In Alexandria, where a recent collapse of a residential building left 28
people dead, there are 14,000 rundown tenements, according to the city’s
Governor, Mohammed Atta.
These buildings only represent a small percentage of the apartment blocks
constructed without permits around the nation. They could come tumbling down
upon the heads of their residents at any moment.
Morsi’s Government and allies, apparently trying to deflect criticism from
the opposition, argue that the after-effects of 30 years of Hosni Mubarak's
misrule cannot be erased in just a few months.
Yet with death lurking on the nation’s roads, aboard rickety trains, inside
inefficient public hospitals and within countless ramshackle homes, this
argument becomes increasingly unconvincing.

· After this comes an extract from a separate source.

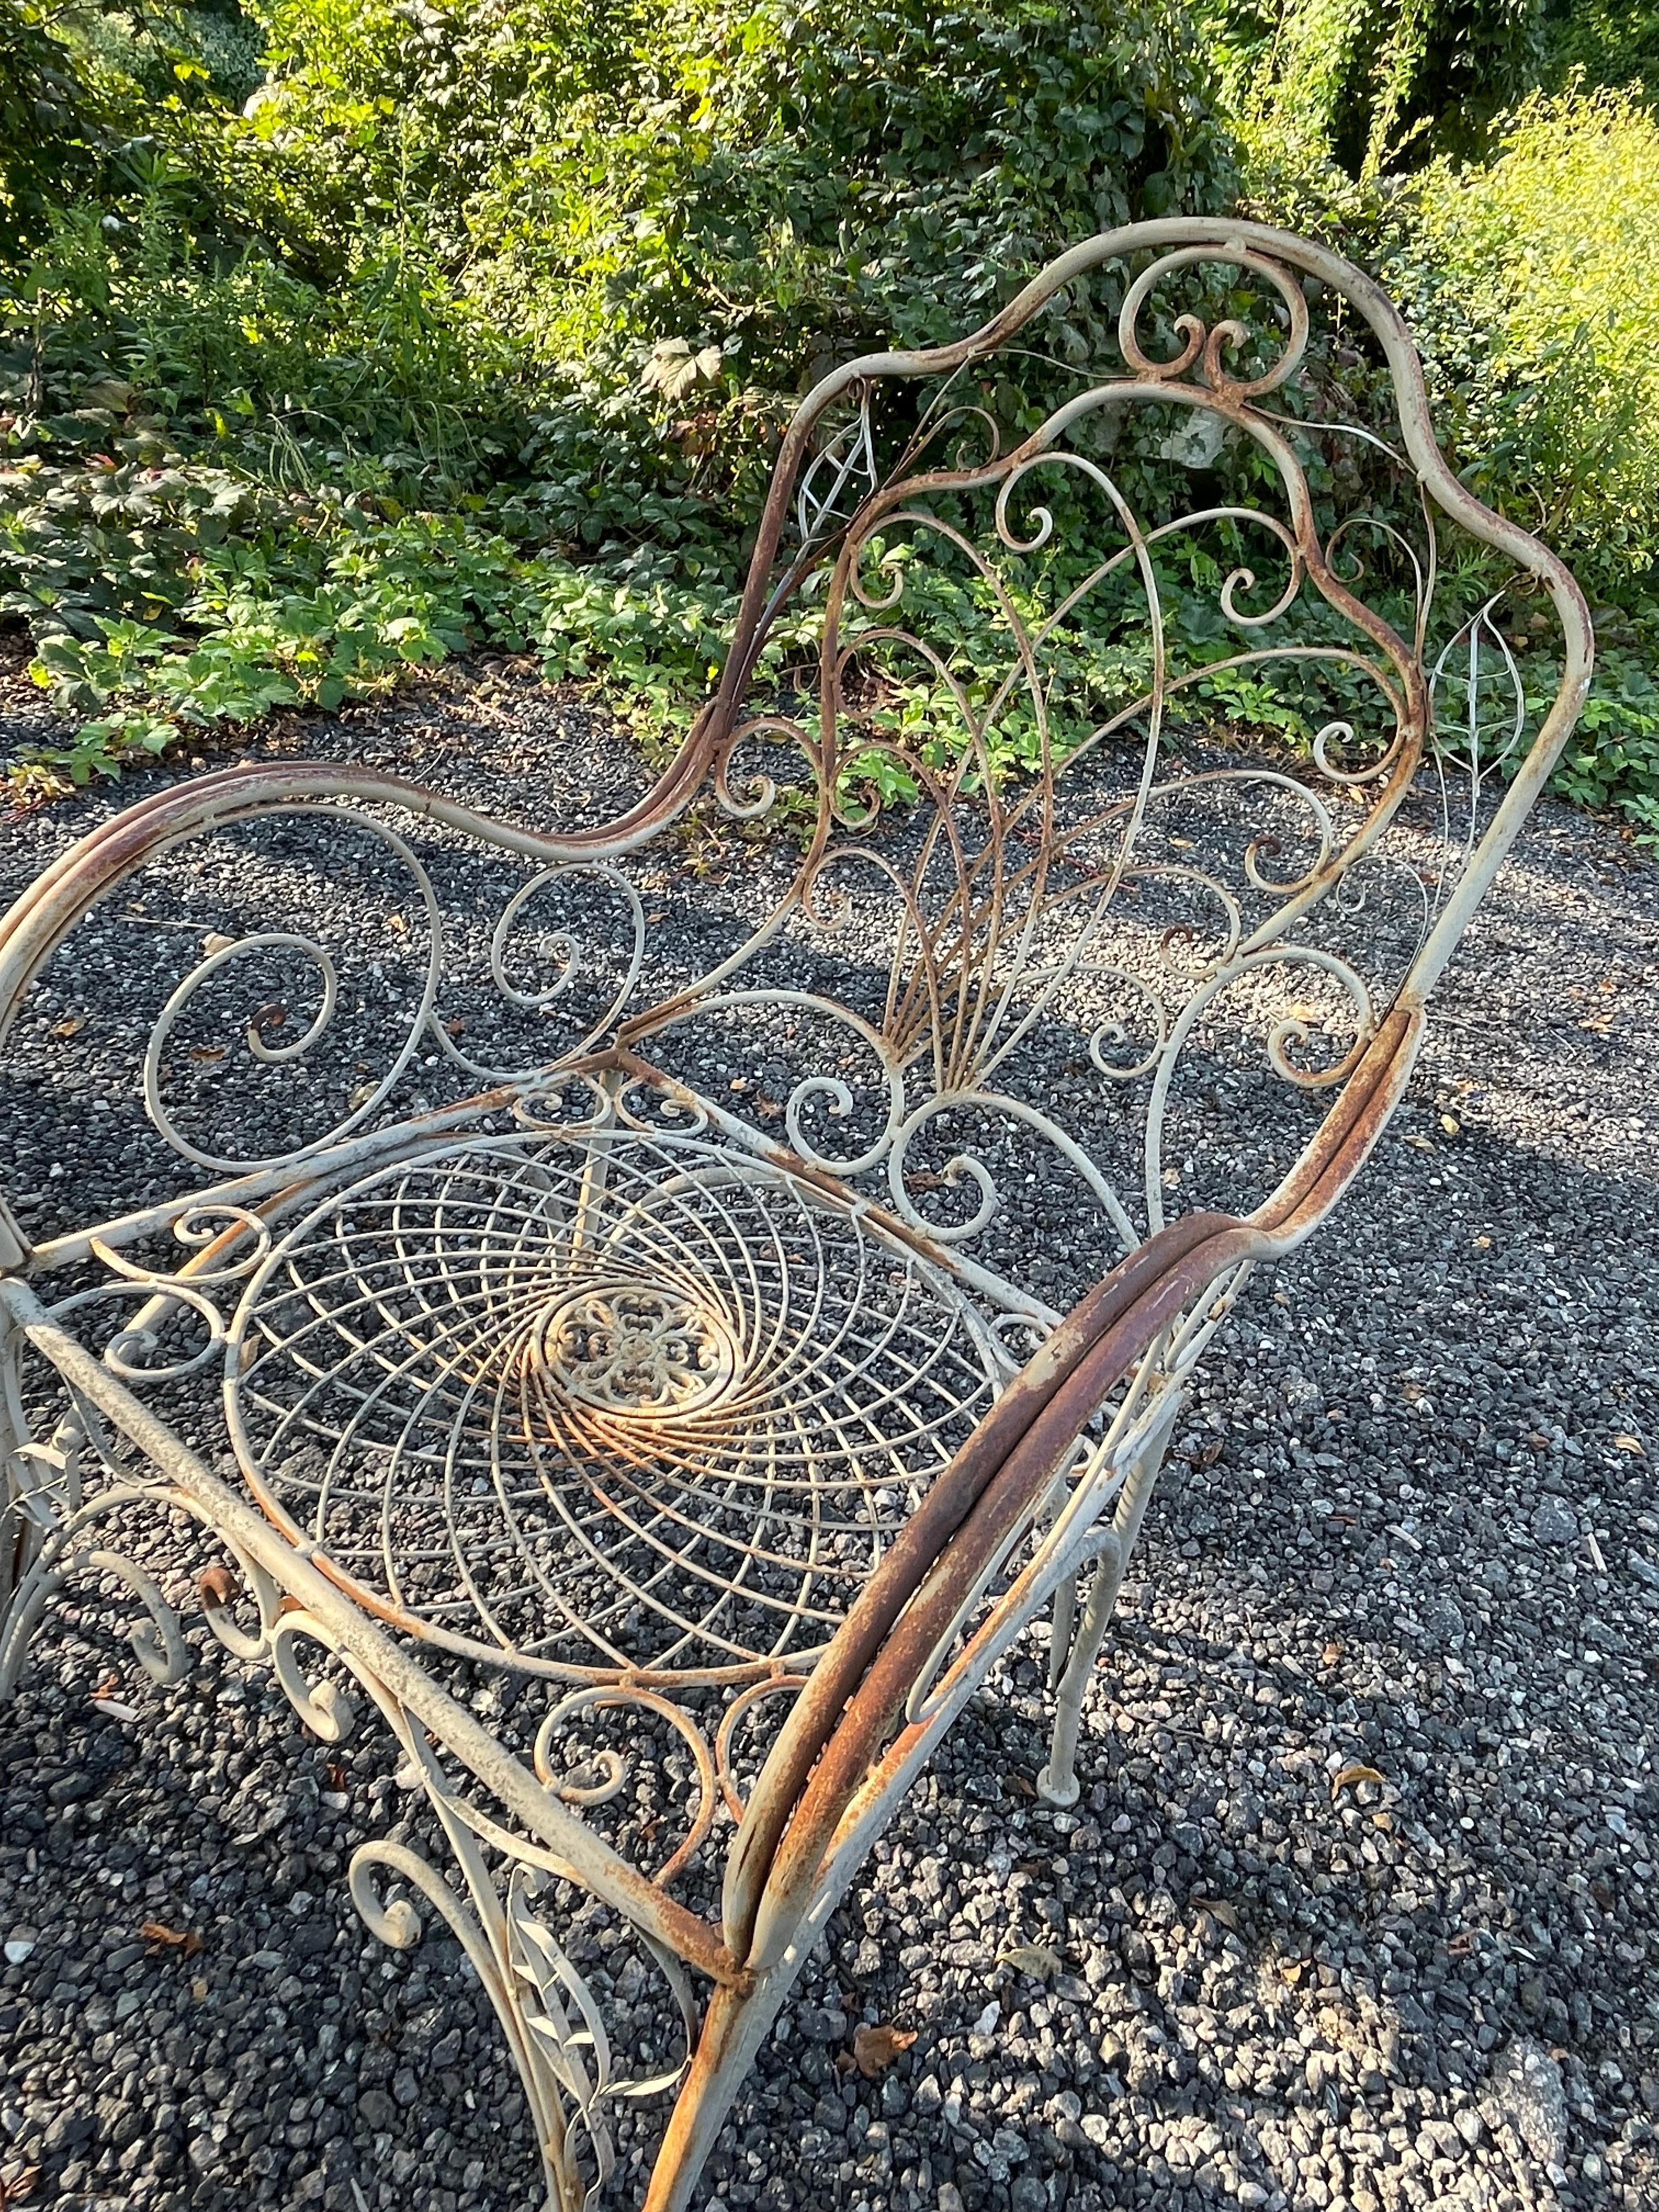 Available now for your enjoyment and ready to ship is a Vintage Wrought Iron Patio Set including a 4 Chairs and 36” Outdoor Patio Table.

This lovely Wrought Iron French Bistro Set is the perfect addition to any garden, terrace, or veranda. Enjoy a

This rationale would have been tenable had a well-considered plan been made
public about the Government’s priorities and how they would be fulfilled
even if only gradually.
Appalled by the spike in deadly incidents, Egyptian cynics have updated the
famous slogan of the anti-Mubarak revolt from ‘Bread, Freedom and Social
Justice’ to ‘Bread, Freedom and Natural Death’!
Each and every Egyptian is aware of the bitter legacy of corruption and
neglect left behind by the Mubarak regime. We know what the disease is, as
well as its symptoms and causes. But is there a cure-all?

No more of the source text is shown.